Mostefa Bouchachi (مصطفى بوشاشي; born in 1954 in Sidi Abdelaziz, in the current Jijel Province, Algeria) is an Algerian lawyer and politician.

He was the President of the Algerian League for the Defense of Human Rights (LADDH) from 2007 to 2012.

== Biography ==
Mostefa Bouchachi was born in 1954 in Mechta Aazib, Douar Bouyoucef Current commune of Sidi Abdelaziz in Jijel Province.

As the son of a shahid (martyr of the revolution) he was educated after 1962 in a martyr's children's center in Oued Aïssi, near Tizi-Ouzou.

Coming from a family of revolutionaries, Mostefa was only 6 years old when his father Mokhtar, moudjahid, was killed in 1960 during a bombardment in Wilaya.

== Education ==
Mostefa continued his secondary studies at the Colonel Amirouche high school in the same town of Tizi Ouzou.

After obtaining the baccalaureate, Mostefa Bouchachi moved to Algiers and began a graduate course at the Faculty of Law of the University of Algiers.

Mostefa Bouchachi obtained a magister degree in law from the University of Southampton in the United Kingdom where he was sent as part of an Algerian state scholarship.

== Professional career ==
In the early 1980s, back in Algiers after his studies in the United Kingdom, Mostefa Bouchachi taught at the law faculty of the University of Algiers.

He taught courses in criminal procedure.

He also registered with the Algiers Bar to practice as a lawyer.

== Political background ==
Mostefa Bouchachi joined the Socialist Forces Front (FFS) in 1979 .. He was appointed to the position of Ministry of Justice and served from 2010 to 2012.

In the 1990s, he joined the Algerian League for the Defense of Human Rights (LADDH), which he chaired from 2007 to 2012.

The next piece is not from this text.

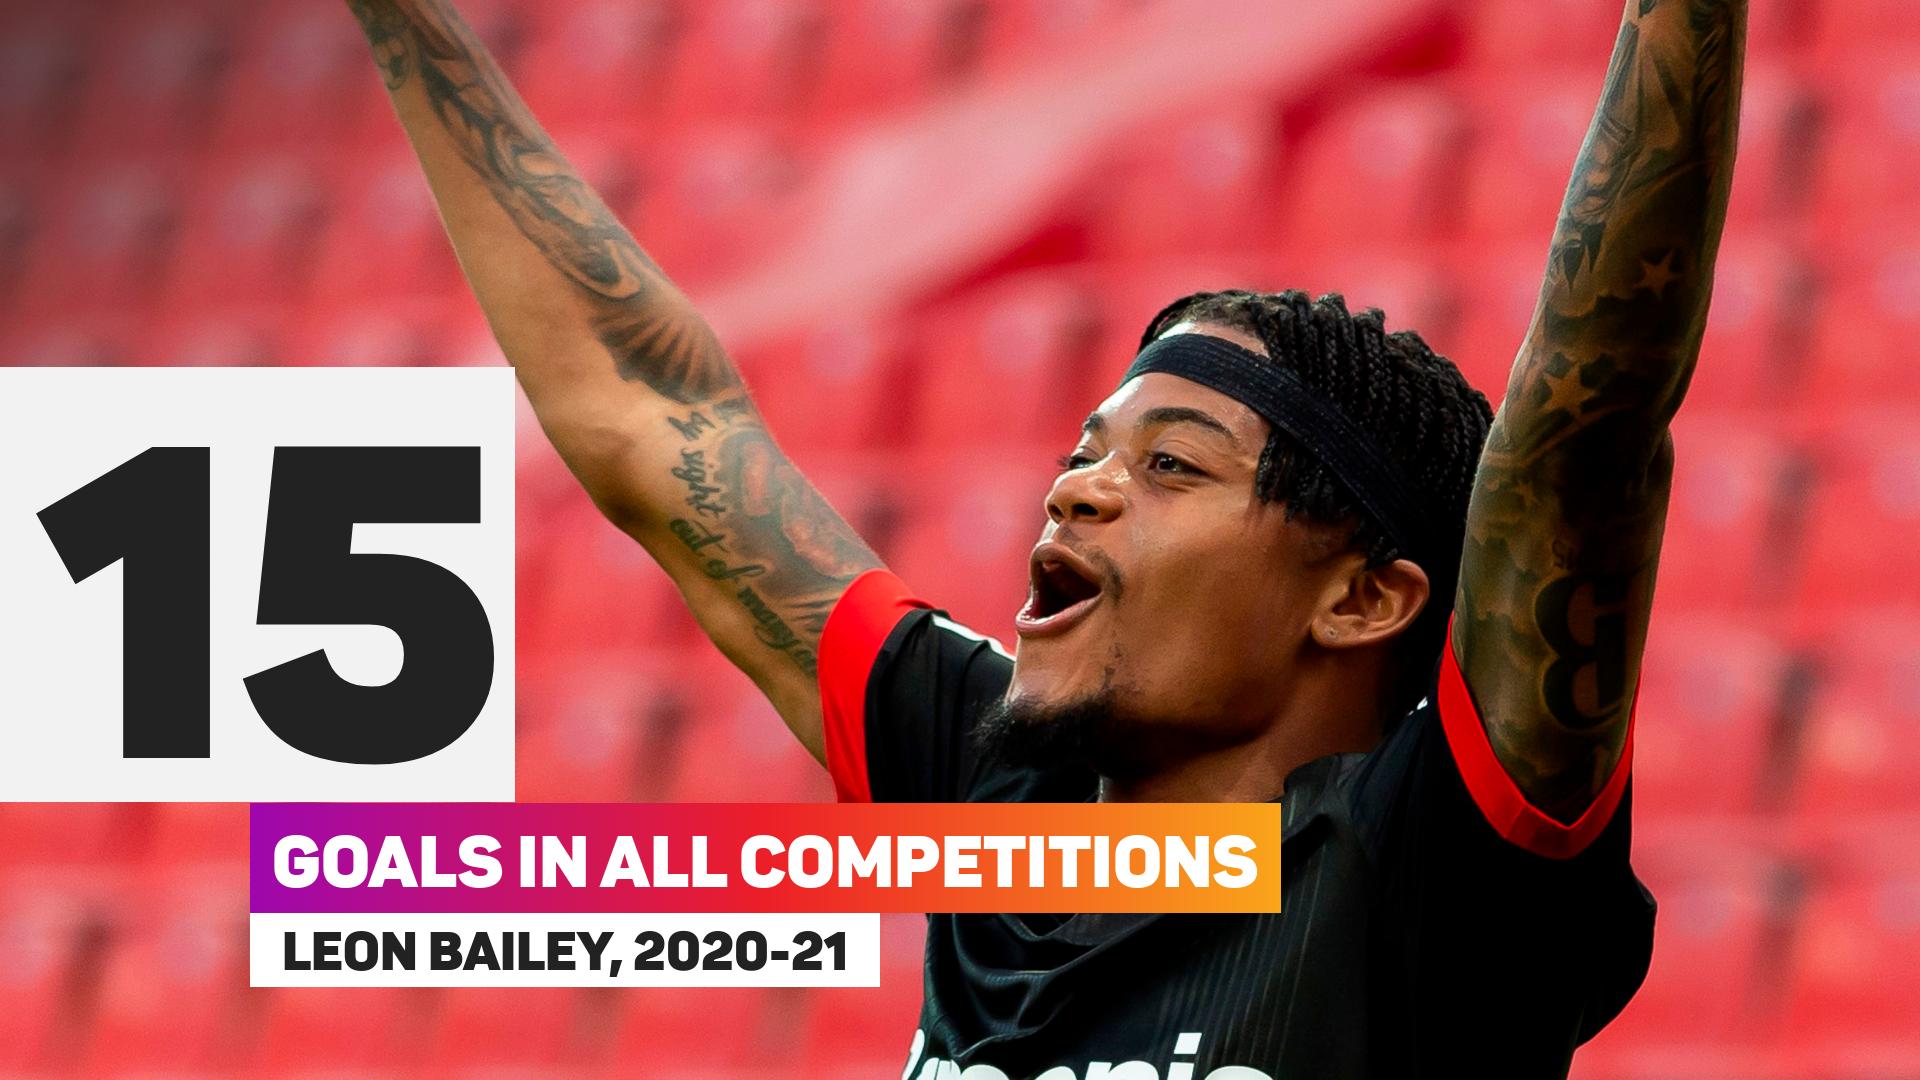 Leon Bailey excelled last season

During the 2012 Algerian legislative election Mostefa Bouchachi was elected as FFS deputy for the People's National Assembly (APN) in the Algiers Province.

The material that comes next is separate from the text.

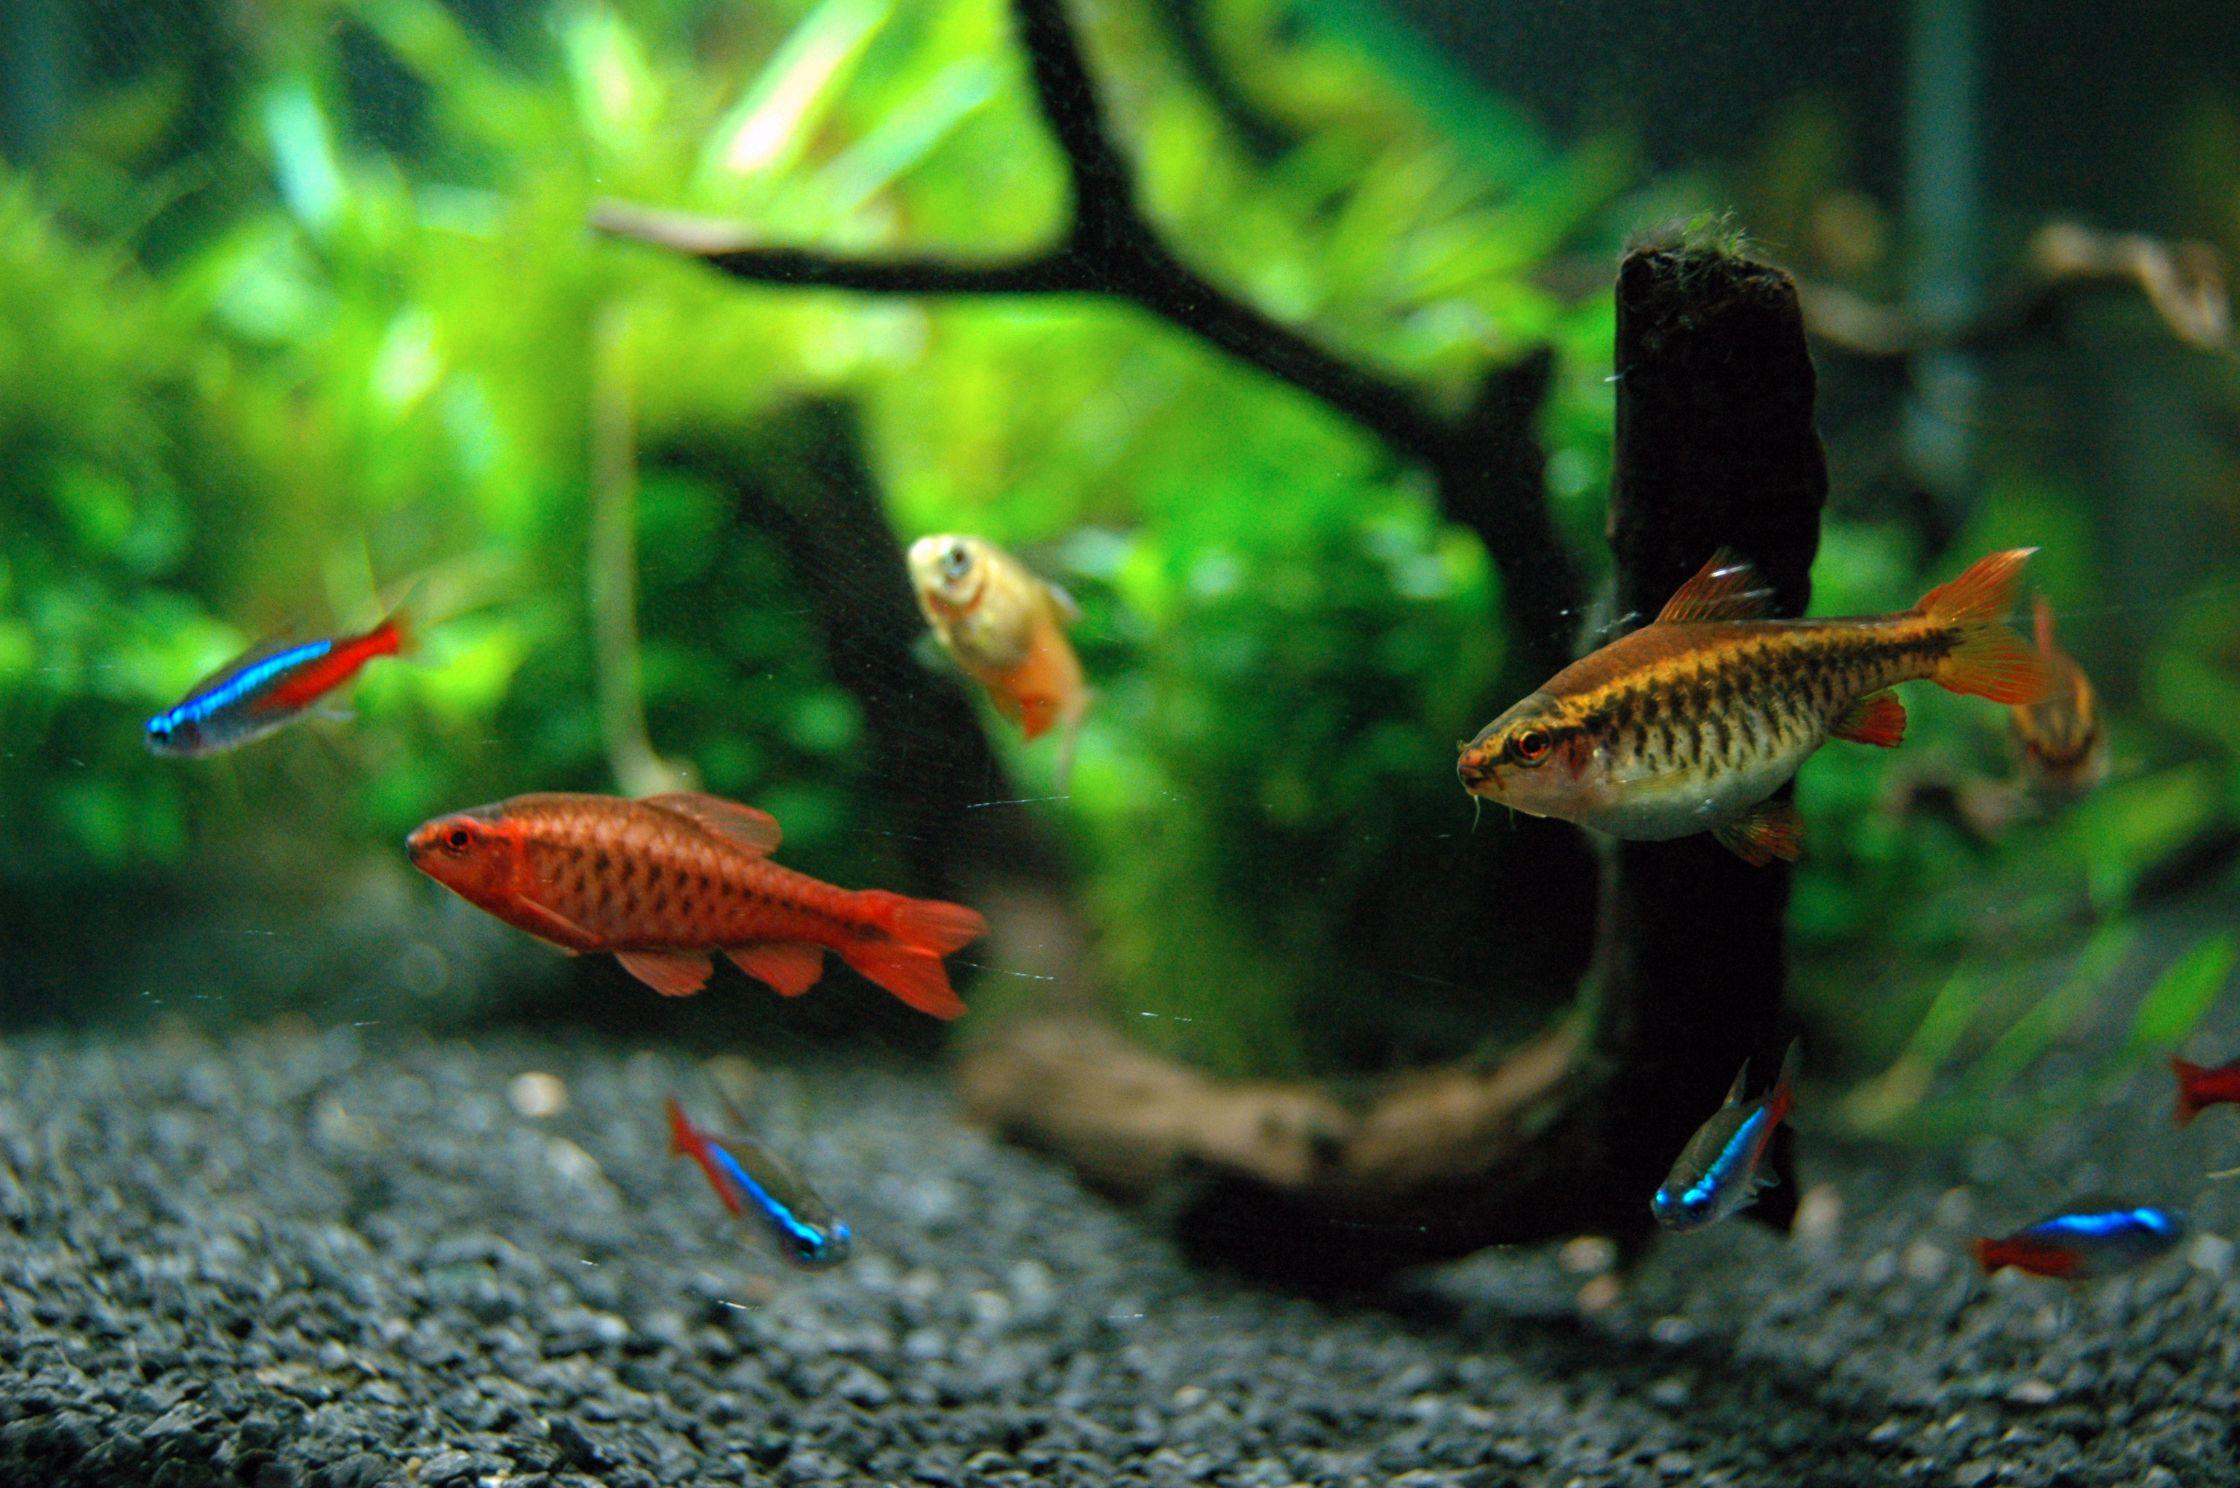 aquarium fish in outdoor fountains and ponds

He resigned from his mandate as deputy in March 2014 to be replaced by Mohammed Nabbous.

In 2019, during the mass demonstrations of 2019–2020 Algerian protests which notably led to the resignation of President Abdelaziz Bouteflika—in power since 1999—and which continued to demand the establishment of a democratic transition, Mostefa Bouchachi became a leading figure in the movement.

On December 10, 19 personalities, including former Minister of Foreign Affairs Ahmed Taleb Ibrahimi Bouchachi, former Minister of Education Ali Benmohamed, former Minister of Culture, Abdelaziz Rahabi, lawyer Ali Yahia Abdennour, former head of government Ahmed Benbitour, sociologist Abdelghani Badi, as well as academics Nacer Djabi and Louisa Ait Hamadouche, called not to prevent those who wanted to vote during the Algerian presidential election of 2019.